# This MAY help you ...



## hurtinme (Feb 16, 2012)

Ok were all really hurting in here this is the house of pain. So right now I cannot be bothered with anything friends family hobbies etc sound familiar yeah a know it must because I am not unique. Right motivation between zero and minus 10 so therefore I do nothing. Now I planned a country walk with a good friend of mine for today, I woke up and cudnt be arsed but my friend had gone to a lot of trouble re childcare etc and was relying on me so I had to go. Boy am i glad i did 3.5 country hill miles walking and talking I even laughed at one point. Now am tired and waiting to go to bed not thinking about anything other than the walk forcing myself to only allow walk thoughts into my head. Well what i am trying to say is we know we have no motivation at present and you know what you DON'T need any, just turn up and do it. Tomoz am goin the gym I know am going but don't want to so am just gonna turn up and see what happens. I am not thinking about doing anything from. Ow am just gonna do it, wish me luck, please try this it IS HELPING ME and i hope it helps all you nice people also good luck
_Posted via Mobile Device_


----------



## sadwithouthim (Dec 8, 2011)

hurtinme said:


> Ok were all really hurting in here this is the house of pain. So right now I cannot be bothered with anything friends family hobbies etc sound familiar yeah a know it must because I am not unique. Right motivation between zero and minus 10 so therefore I do nothing.

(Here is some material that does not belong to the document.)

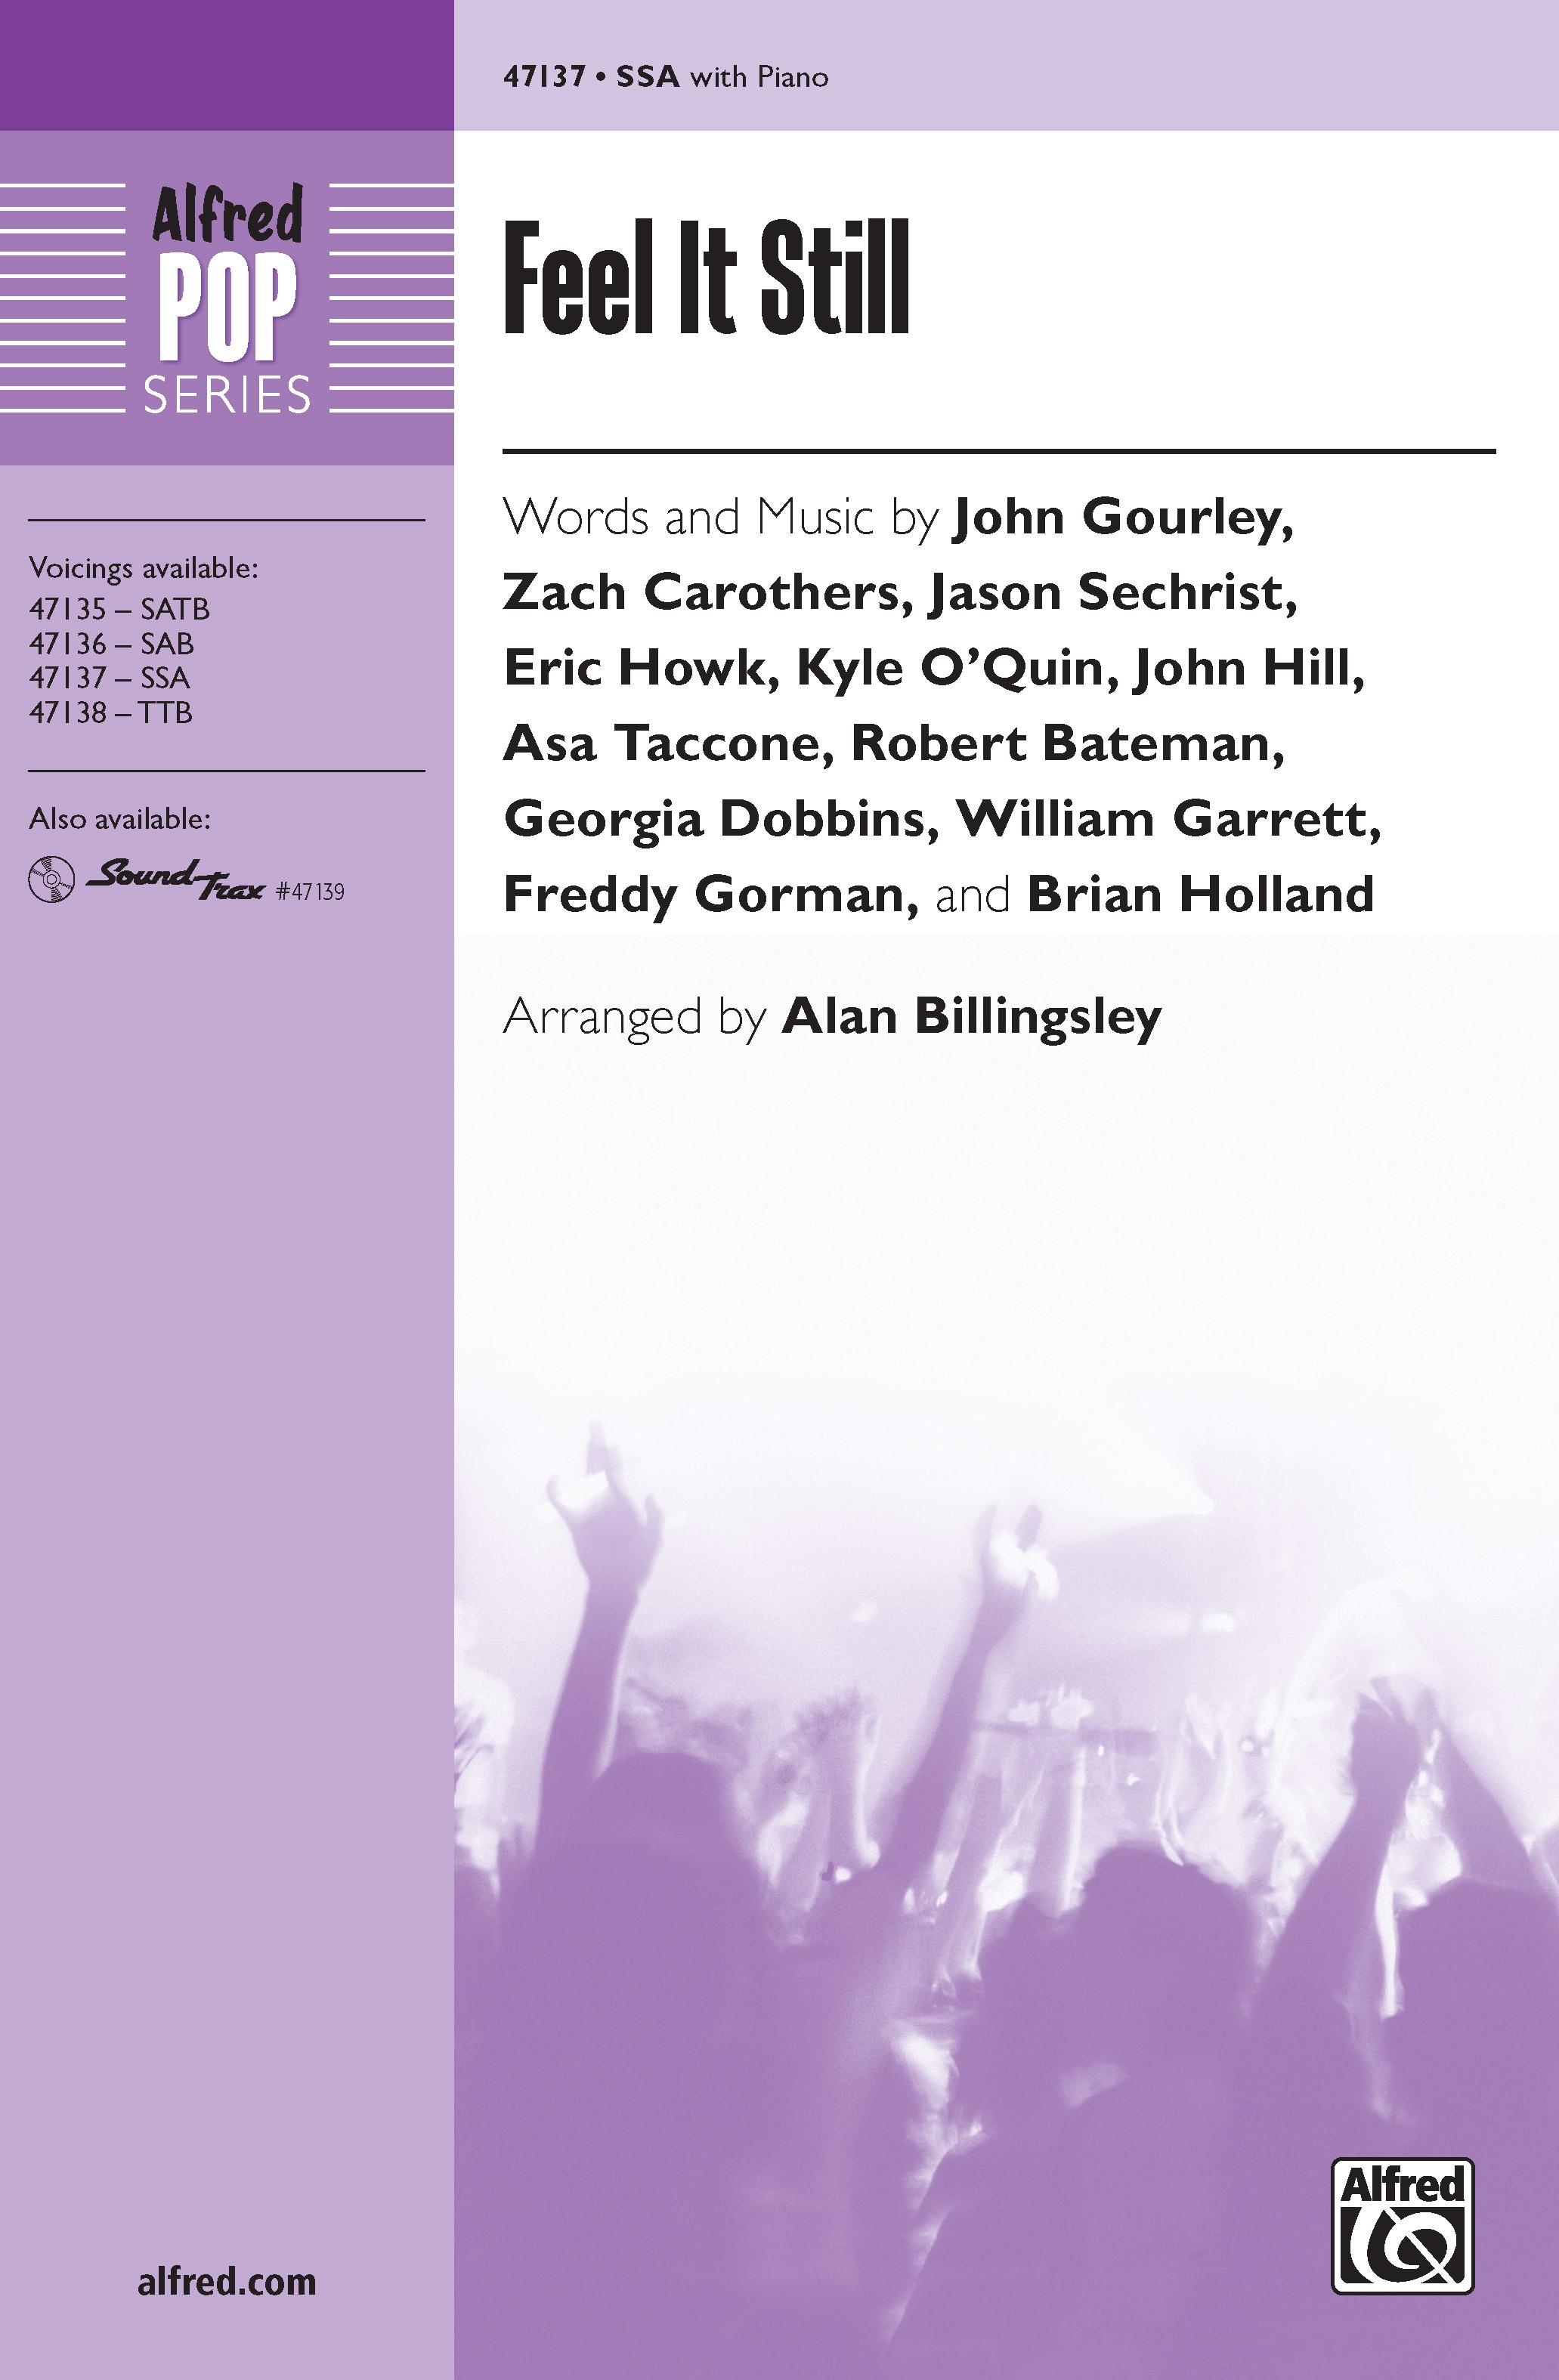 Feel It Still : SSA : Alan Billingsley : John Gourley : Sheet Music : 00-47137 : 038081539089

Now I planned a country walk with a good friend of mine for today, I woke up and cudnt be arsed but my friend had gone to a lot of trouble re childcare etc and was relying on me so I had to go. Boy am i glad i did 3.5 country hill miles walking and talking I even laughed at one point. Now am tired and waiting to go to bed not thinking about anything other than the walk forcing myself to only allow walk thoughts into my head. Well what i am trying to say is we know we have no motivation at present and you know what you DON'T need any, just turn up and do it. Tomoz am goin the gym I know am going but don't want to so am just gonna turn up and see what happens. I am not thinking about doing anything from. Ow am just gonna do it, wish me luck, please try this it IS HELPING ME and i hope it helps all you nice people also good luck
> _Posted via Mobile Device_


Nice post to read for once....thank you.
_Posted via Mobile Device_


----------



## cantmove (Feb 20, 2012)

Thank you for that. I too feel no motivation to do much even after I have long motivational talks with myself. But tomorrow I am going to start running again. I was blindsided with I'm leaving you three weeks ago in the middle of training for a 1/2 marathon. Well I quit training and yesterday was the marathon and I was sitting in my bed when my friends were running. I will not let this man take another damn from me. There is another 1/2 marathon in April in Pensacola and tomorrow is day one of training.


----------



## melissa68 (Feb 10, 2012)

Good for you! Sometimes you just have to make yourself get angry...pissed off at the one who left....pissed off enough to say exactly that....you are not taking another damn minute from me! On the days that I am busy and make something to do are the better days. 
Cliche but "the best revenge is a good life" right?


----------



## Mamatomany (Jan 10, 2012)

Honestly... you may hate to exercise. Start small and work your way up. It's so easy to do if you make little commitments to yourself...Just to you so YOU know if YOU let yourself down. I started with a mile (1 block) worked my way up to walking 4.5 miles then running 3.5 miles (40 mins and working my way down). First of all you are beating your past secondly you are GETTING IN SHAPE, [email protected] that feels AWESOME!


----------



## hilly2 (Jan 15, 2012)

This is true. Yesterday, I couldn't get out of bed. I spent all morning and most of the afternoon feeling sorry for myself. Finally at 3pm, I willed myself up, threw on my sneakers and went for a walk....and I just kept going and going. Walked uphill, downhill, got to my house and walked passed it, walked almost to the beach and ended up walking 6.3 miles. It changed my attitude and outlook for the entire weekend.


----------



## EleGirl (Dec 3, 2011)

I love to walk but the depression over my marriage is making it hard for me to get out and do anything. I keep asking my husband to walk with him but his computer games are far more important.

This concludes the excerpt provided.